Groundhog Day data

This is separate from the “What the? It’s groundhog day again” thread. This is hard data. One local reporter collated the results of all the past predictions he could find in the local paper archives. Mr Hog was correct only 39% of the time. Terrible. He can’t even get close to a 50/50 guess.

So what I’m thinking is that way back when the originator of this prediction method worked out the details he somehow got it backwards. I mean, a 61% correct prediction would be decent.

You mean the people that came up with this only got 39% correct.
:wink:

NPR reported a 30% success rate.
I’m going to go with mixdenny. If he goes back into his tunnel after seeing his shadow, it means there will be good weather and he nap before doing his groundhog stuff, whatever that is.

Hogging ground, duh.

Why, of course!

If he sees his shadow, there will be six more weeks of Winter.
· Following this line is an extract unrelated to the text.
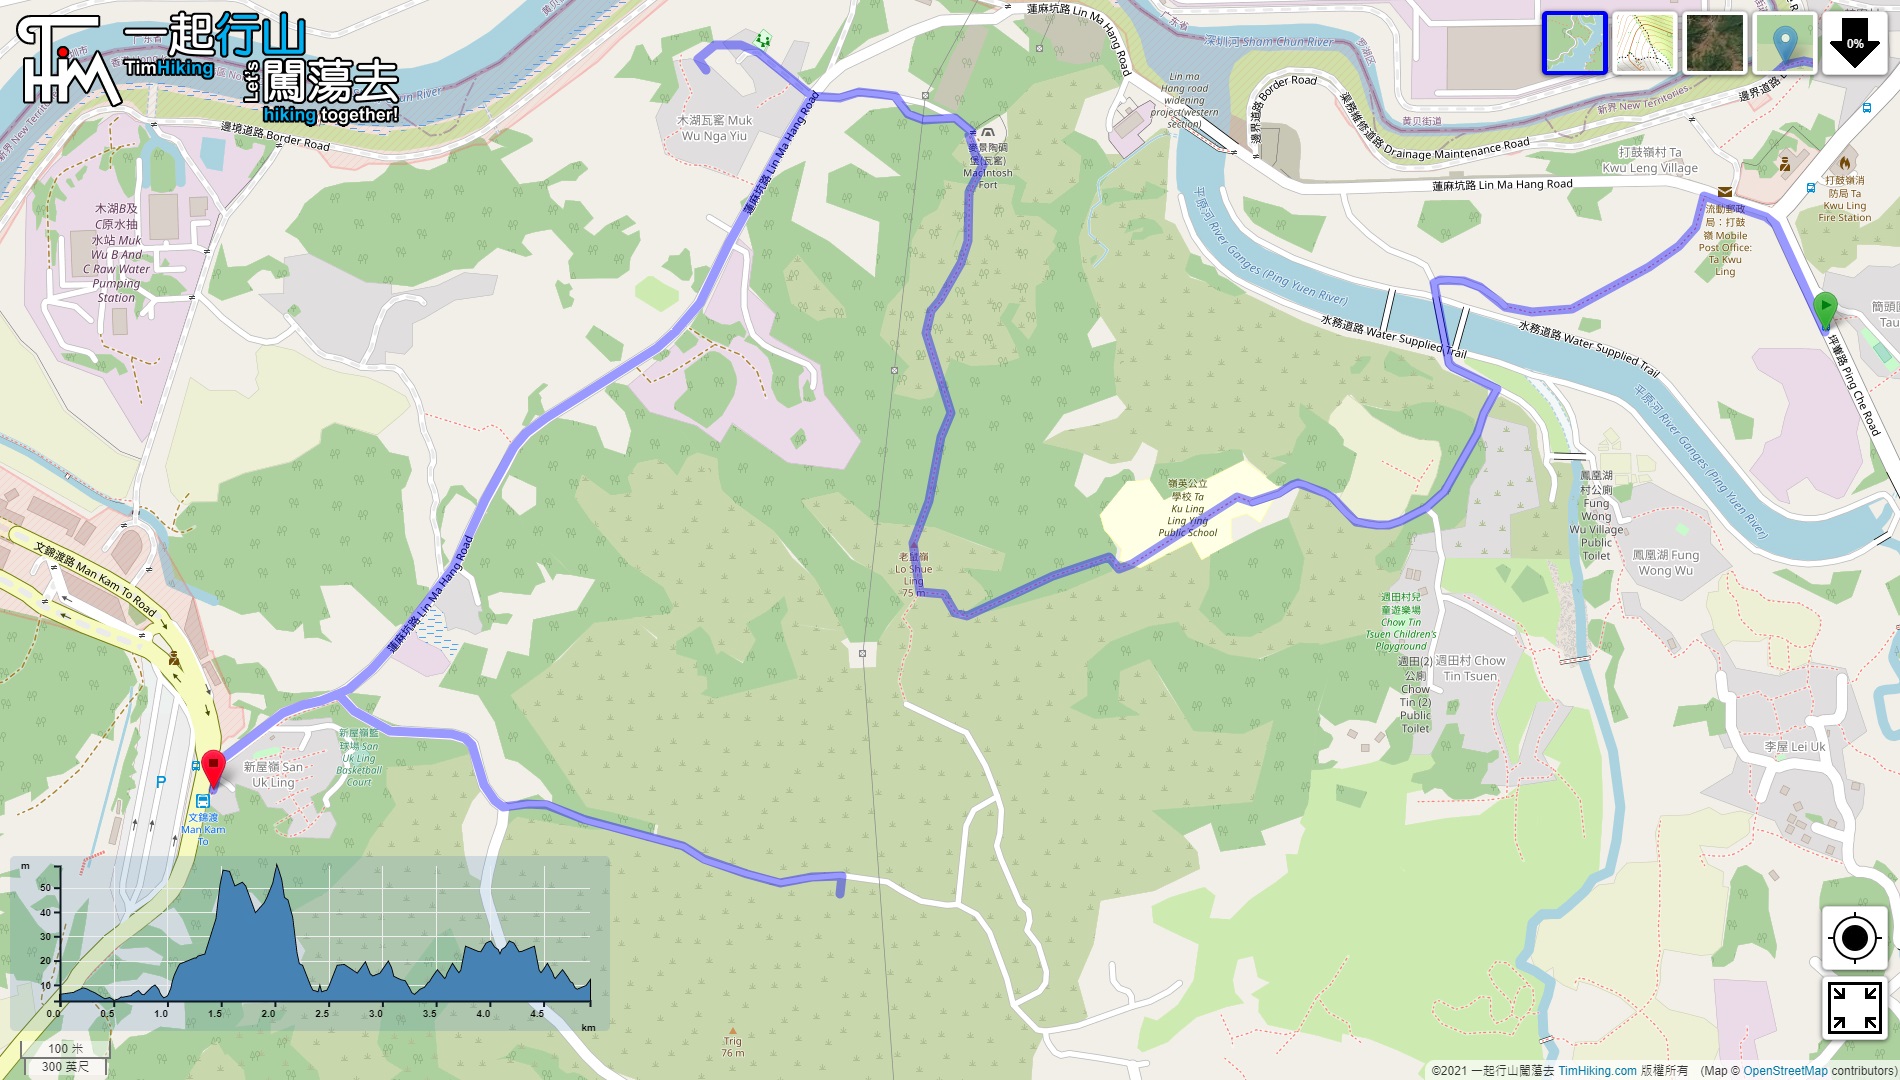 「老鼠嶺 木湖瓦窰 雙英磚廠」路線地圖

If he doesn’t see his shadow, Winter will only last another month and a half.

I assume that this is not adjusted for the baseline frequency. Because being consistently incorrect significantly more than half the time would be just as remarkable as the opposite. It would just mean that people were not reading the output correctly, and the groundhog is outperforming all supercomputer weather forecasting algorithms.

Yeah, I’ve always heard it more or less like this, too. The groundhog’s “prediction” is set up in such a way that it can’t be wrong.

But even if you do assign meaningful outcomes to it, how does one define what constitutes “the end of winter”? First thaw? Last freeze? Whether the temperature on March 16th (15th leap) is above or below the local median for that date?

My point exactly.

I thought I said that. At any rate, I agree.
Phil needs a NOT gate.

How much ground would a groundhog hog if a groundhog would hog ground?